Prove the inequality $$\frac{a}{1+a^2}+\frac{b}{1+b^2}+\frac{c}{1+c^2}\le\frac{3\sqrt3}{4}$$
I tried the method of Lagrange multipliers and Jensen's inequality but I have not been proved this inequality
Consider the function $f(x)= \frac{\sqrt x}{1+x}$,
with the substitution that $x=a^2,y=b^2,z=c^2$, $\implies x+y+z=1$
we have a new expression $\frac{a}{1+a^2}+\frac{b}{1+b^2}+\frac{c}{1+c^2} \longrightarrow \frac{\sqrt x}{1+x}+ \frac{\sqrt y}{1+y} +\frac{\sqrt z}{1+z } \longrightarrow f(x)+f(y)+f(z)$
Differentiating $f(z)$ twice, we get negative second derivatives for $0 \le x\le 1$, so it is concave
by Jensen's inequality, we get $ f(\frac{x+y+z}{3}) \ge \frac{f(x)}{3} +\frac{f(y)}{3}+\frac{f(z)}{3} \implies \frac{\sqrt \frac{1}{3}}{1+\frac{1}{3}}\ge \frac{f(x)}{3} +\frac{f(y)}{3}+\frac{f(z)}{3}$
$\implies \frac{3\sqrt3}{4} \ge f(x)+f(y)+f(z)= \frac{a}{1+a^2}+\frac{b}{1+b^2}+\frac{c}{1+c^2}$
Substitute $a^2, b^2, c^2$ by $x, y, z$. Then we will try to bound $\sqrt{x}/(1+x)$ by a linear form of $x$. Consider a line tangent to the expression when the equality occurs i.e. when $x=1/3$. Evaluating $fâ(1/3)=3\sqrt{3}/16$, we find that such line is $y=\frac{3\sqrt{3}(x+1)}{16}$. By simple algebraic manipulation, $$\frac{\sqrt{x}}{1+x}\leq\frac{3\sqrt{3}(x+1)}{16}$$ is equivalent to $(3x-1)^2(3x^2+14x+27)\geq0$, which is obviously true.
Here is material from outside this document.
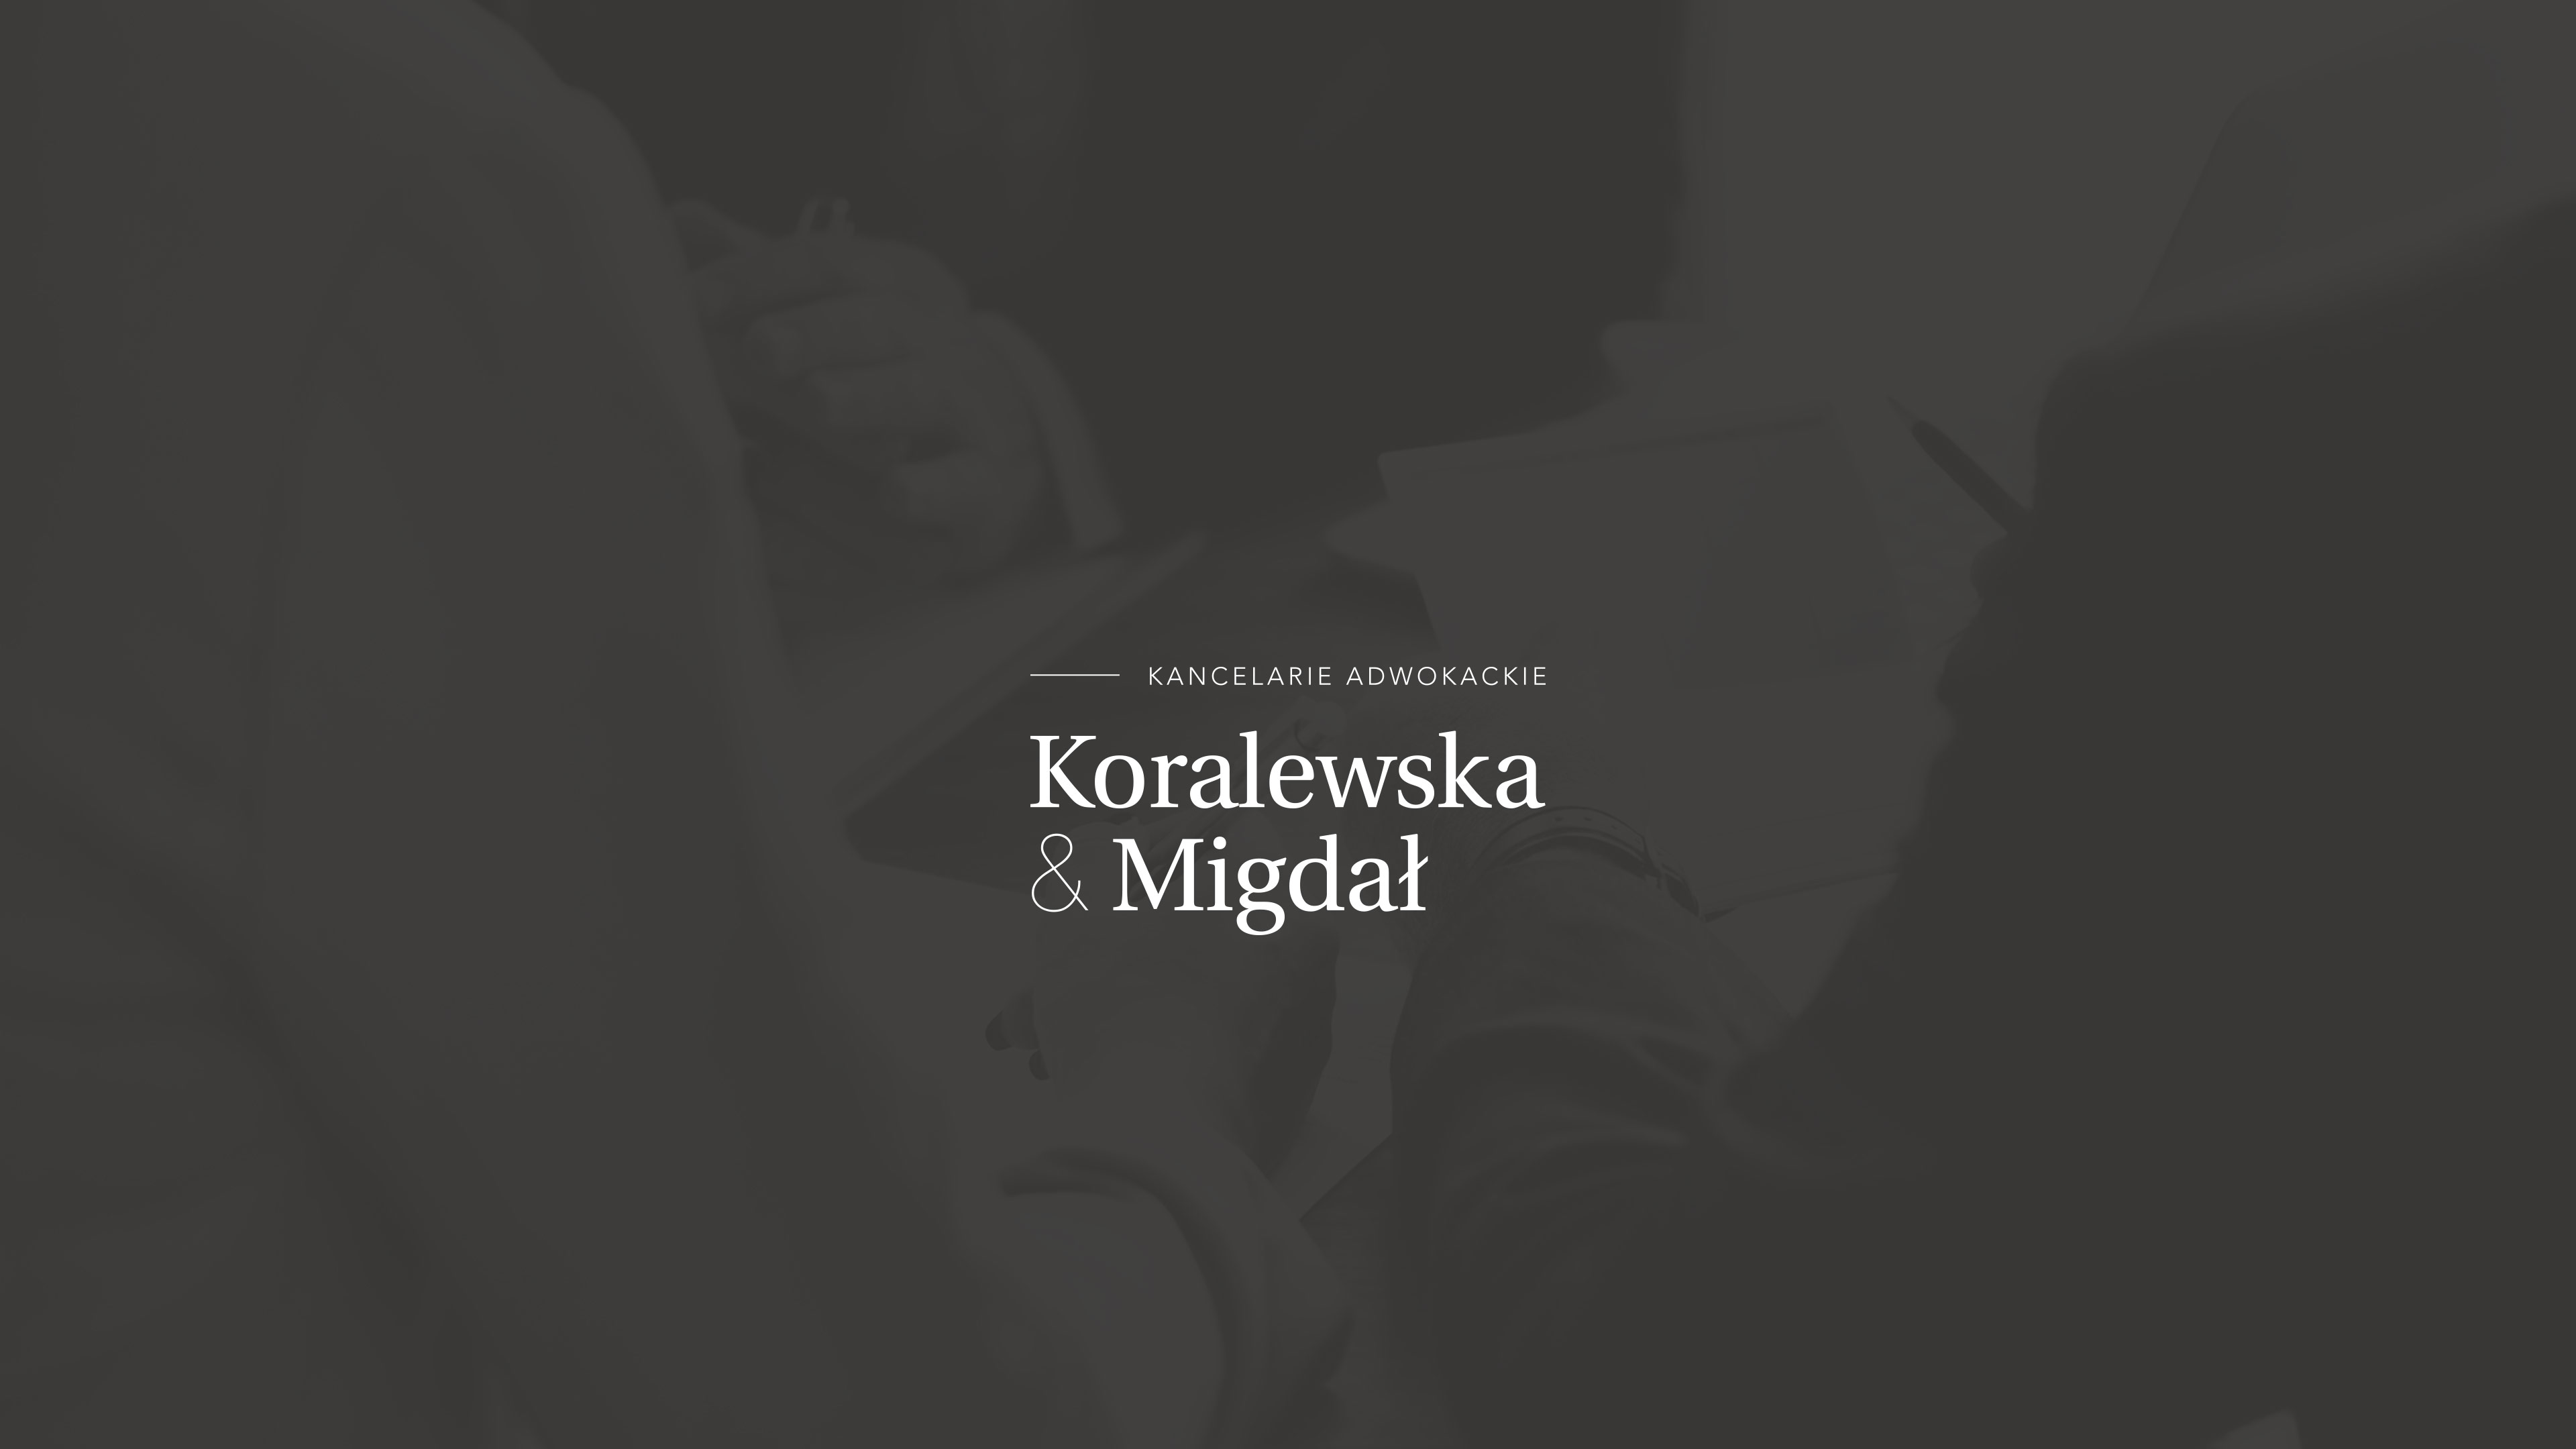 Koralewska & Migdał – logo na ciemnym tle
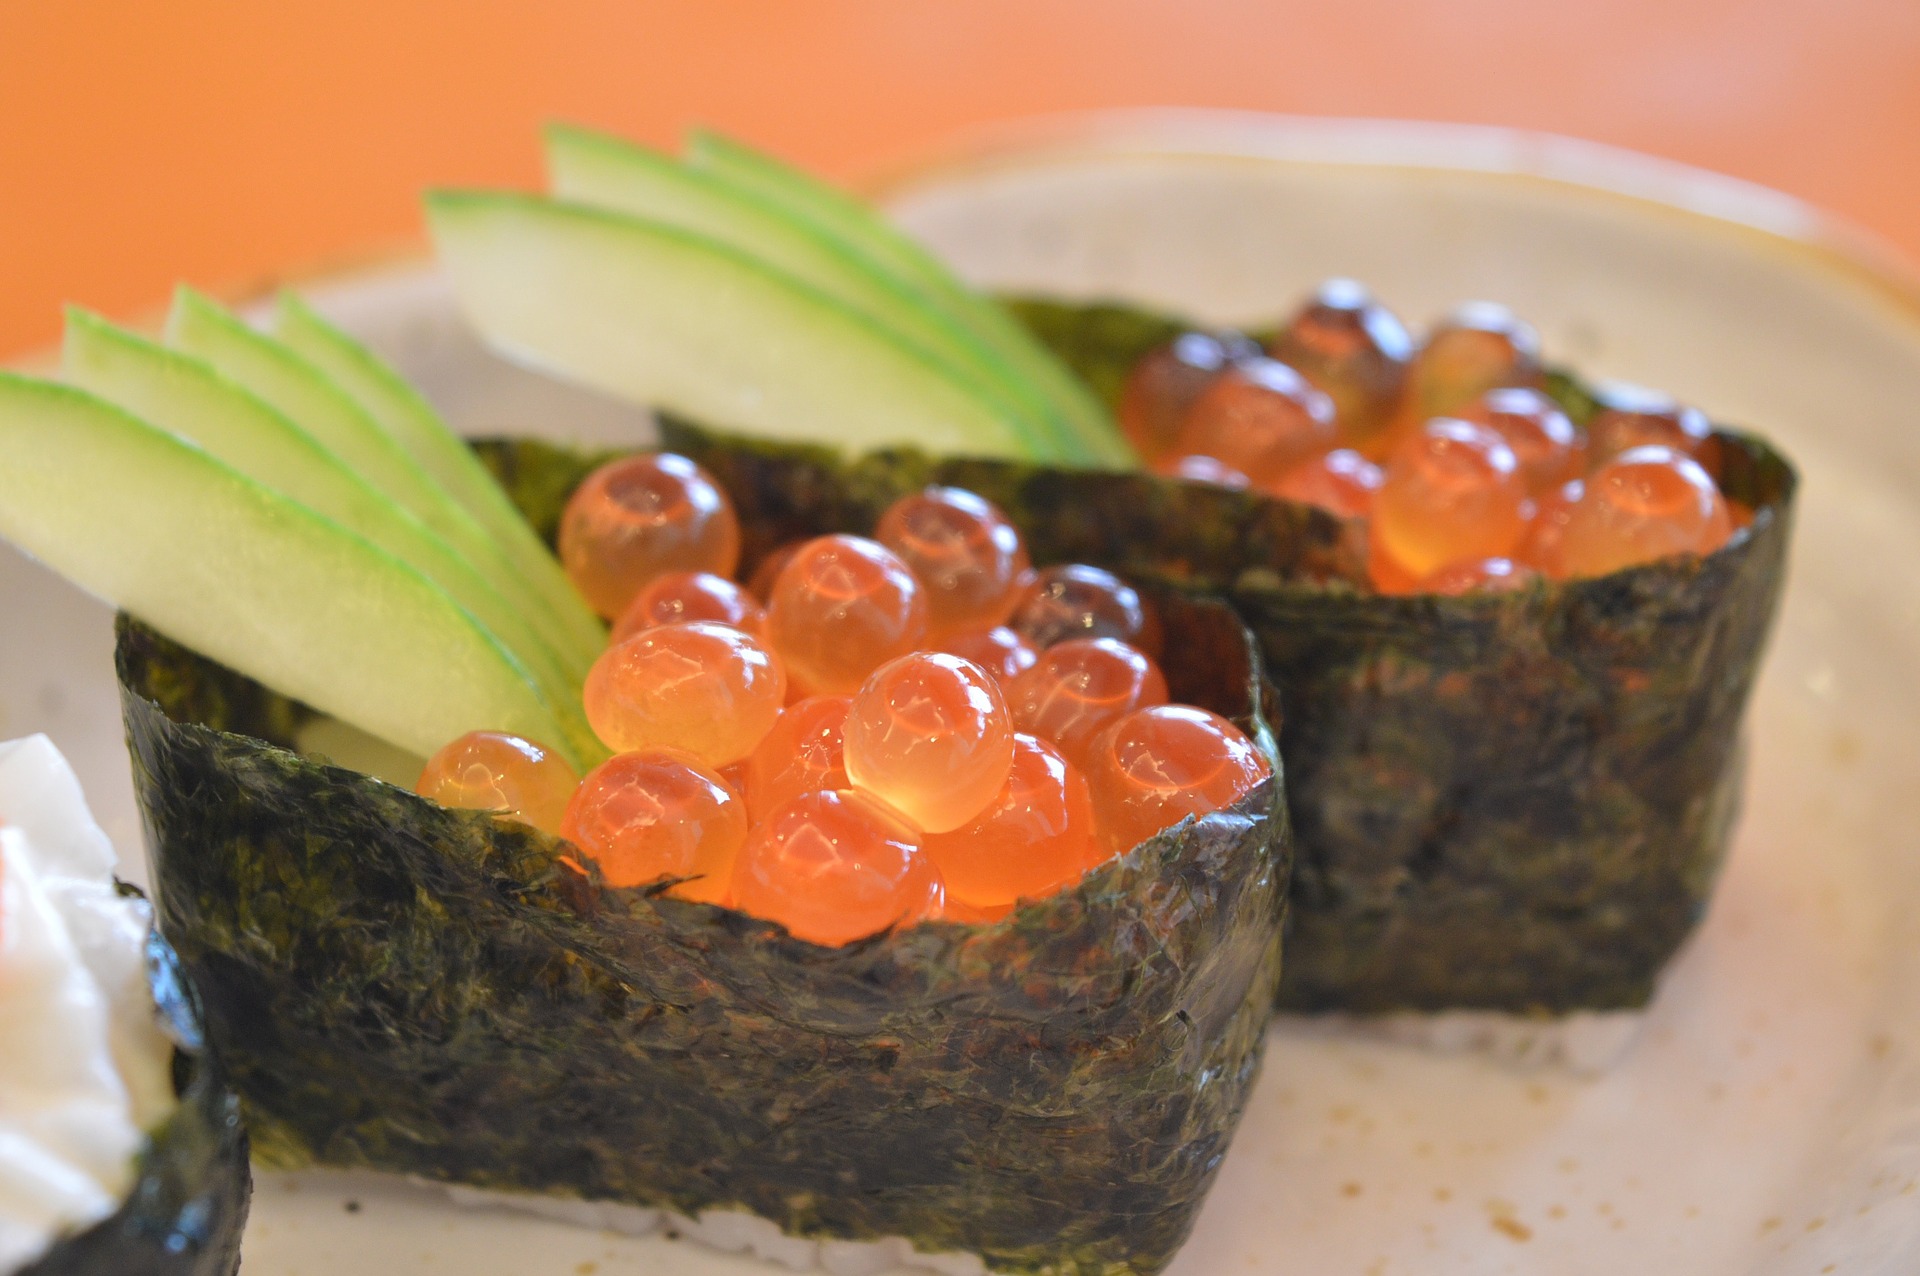 ซูชิไข่ปลา เมนูอาหารญี่ปุ่นสุดอ้วน ไม่อยากเสี่ยงต้องเลี่ยง 

The desired result follows immediately.
Let $a=\frac{x}{\sqrt3}$, $b=\frac{y}{\sqrt3}$ and $c=\frac{z}{\sqrt3}.$
Thus, $x^2+y^2+z^2=3$ and we need to prove that $$\sum_{cyc}\frac{x}{3+x^2}\leq\frac{3}{4}$$ or $$\sum_{cyc}\left(\frac{1}{4}-\frac{x}{3+x^2}\right)\geq0$$ or $$\sum_{cyc}\frac{(x-1)(x-3)}{3+x^2}\geq0$$ or $$\sum_{cyc}\left(\frac{(x-1)(x-3)}{3+x^2}+\frac{x^2-1}{4}\right)\geq0$$ or $$\sum_{cyc}\frac{(x-1)^2(x^2+2x+9)}{3+x^2}\geq0,$$ which is obvious.
We see that the original inequality is true for all reals $a$, $b$ and $c$ such that $a^2+b^2+c^2=1.$